The simulation results for the prediction of the mean value of the AE index showed that the DPRNN demonstrated the best results using the SNR, while the MLP network illustrated the worst SNR values with 28.3 dB which is lower than the LPC predictor that demonstrated a SNR value of 31.3648.

The prediction of the sunspot signal illustrated that all neural network architectures achieved similar value for the SNR with approximately 25 dB. The linear predictor demonstrated again the lowest value of 22.6233 dB.

As it can be shown from Table 2, the prediction of heat wave signals indicated that the LPC predictor showed the best SNR, while all the neural network architectures failed to achieve a SNR above 20 dB. However, the NMSE for all the neural network architectures indicted better values than the NMSE achieved by the linear predictor.

As it can be noticed from Figure [11], the histograms of the nonlinear prediction errors for the Lorenz attractor, the mean value of the AE index and the sunspot signals using the DRPNN may be considered to show Gaussian distributions. This is an indication that the DRPNN managed to extract the information from the signal and hence the good simulation results. Figure [11] (d) shows the histogram of the error values for the prediction of the heat wave signal which indicted a random distribution and hence the network could not provide a good simulation value in terms of the SNR.

Figure 11. The histogram of the prediction error for (a) the Lorenz attractor time series; (b) the mean value of the AE index time series (c) sunspot number time series (d) heat wave temperature time series using the DRPNN.

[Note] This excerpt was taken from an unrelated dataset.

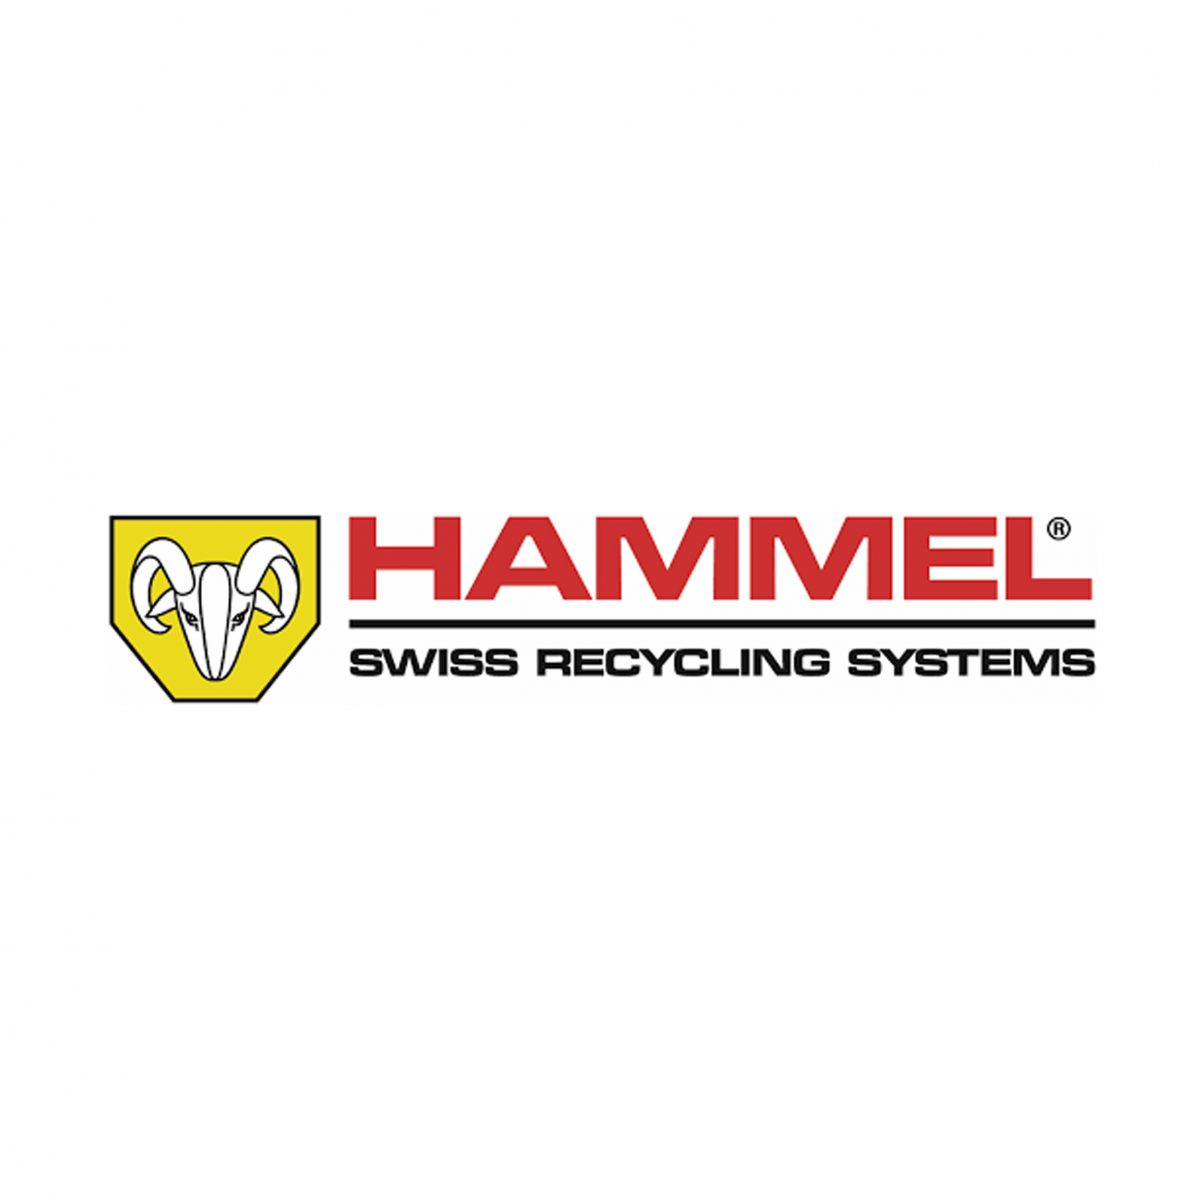 Distributeur Sud-Est de la marque HAMMEL

The use of Dynamic Ridge Polynomial Neural Networks in physical time series showed that the network provides a promising tool to forecasting. The network offers the following advantages:

  • It provides better prediction in terms of the SNR in comparison to other neural network architectures. The prediction attained by the DRPNNs for the Lorenz attractor is slightly higher than that of FLNN but significantly better than the prediction generated by the PSNN, which is about 0.04 dB to 1.7 dB higher. For the prediction of the mean value of the AE index time series showed significantly improved results over the MLP and slightly better results than the RPNN, which is about 0.08 dB to 4.14 dB higher.
  • In view of the fact that the behaviour of the physical signal is related to some past inputs on which the present inputs depends, it therefore requires explicit treatment of dynamics. The merit of DRPNN, as compared to the RPNN is its increased inherited nonlinearity which results from the use of recurrent neural networks architecture, giving it an advantage when dealing with time series forecasting.
  • The Dynamic Ridge Polynomial Neural network demonstrated faster training when used to learn the Lorenz attractor signal in comparison to the MLP, FLNN and PSNN networks. For the prediction of the mean value of the AE index, the proposed network showed significantly faster training in comparison MLP, FLNN and RPNN.

Figure [12] illustrates the signal to noise ratio from the best result tested on out-of-sample data when used to predict the Lorenz attractor and the mean value of the AE index. The performance of the networks was evaluated with the number of higher order terms increased from 1 to 5 for HONNs, and number of hidden nodes increased from 3 to 8 for MLP network. The plots in Figure [12] (a) and Figure [10] (b) indicate that the MLPs and the FLNNs, respectively, showed no increase in the value of the SNR for the two signals. However, for the prediction of Lorenz attractor and the mean value of the AE index using PSNN, the SNR started to decrease for a 3th order PSNN network. This is probably due to the utilization of large number of free parameters for the network of order three and this has led to unpromising generalization for the input-output mapping.

Figure 12. Performance of all networks with increasing order/number of hidden nodes (a) MLP, (b) FLNN, (c) PSNN, (d) RPNN, (e) DRPNN.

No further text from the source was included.